===== RECORDS PROVIDED =====
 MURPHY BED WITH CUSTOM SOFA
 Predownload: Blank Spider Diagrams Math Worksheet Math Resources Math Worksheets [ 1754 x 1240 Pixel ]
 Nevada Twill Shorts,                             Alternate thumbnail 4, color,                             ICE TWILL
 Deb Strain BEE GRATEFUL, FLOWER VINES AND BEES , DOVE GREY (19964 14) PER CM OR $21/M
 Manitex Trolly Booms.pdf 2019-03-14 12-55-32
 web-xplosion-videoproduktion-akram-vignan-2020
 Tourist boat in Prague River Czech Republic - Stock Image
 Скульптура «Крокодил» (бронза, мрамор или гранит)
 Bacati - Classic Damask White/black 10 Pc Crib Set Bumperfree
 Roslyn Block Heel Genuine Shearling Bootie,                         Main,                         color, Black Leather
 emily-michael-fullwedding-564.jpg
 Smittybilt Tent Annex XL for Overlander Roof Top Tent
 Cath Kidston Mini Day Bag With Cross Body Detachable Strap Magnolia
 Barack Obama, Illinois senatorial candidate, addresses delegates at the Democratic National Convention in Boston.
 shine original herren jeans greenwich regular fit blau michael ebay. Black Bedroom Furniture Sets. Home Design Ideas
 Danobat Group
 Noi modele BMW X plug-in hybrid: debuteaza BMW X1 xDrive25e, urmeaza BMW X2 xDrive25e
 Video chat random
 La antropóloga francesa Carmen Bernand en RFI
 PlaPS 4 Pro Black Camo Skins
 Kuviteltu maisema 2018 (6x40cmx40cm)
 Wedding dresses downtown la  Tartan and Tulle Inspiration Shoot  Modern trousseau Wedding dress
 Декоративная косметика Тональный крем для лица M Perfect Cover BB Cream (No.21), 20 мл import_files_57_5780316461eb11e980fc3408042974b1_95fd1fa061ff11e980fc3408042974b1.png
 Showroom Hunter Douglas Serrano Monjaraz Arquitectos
=====
PROBLEM: Given the data above, which lines hold the string "michael"? Return them.

ANSWER BELOW:
 emily-michael-fullwedding-564.jpg
 shine original herren jeans greenwich regular fit blau michael ebay. Black Bedroom Furniture Sets. Home Design Ideas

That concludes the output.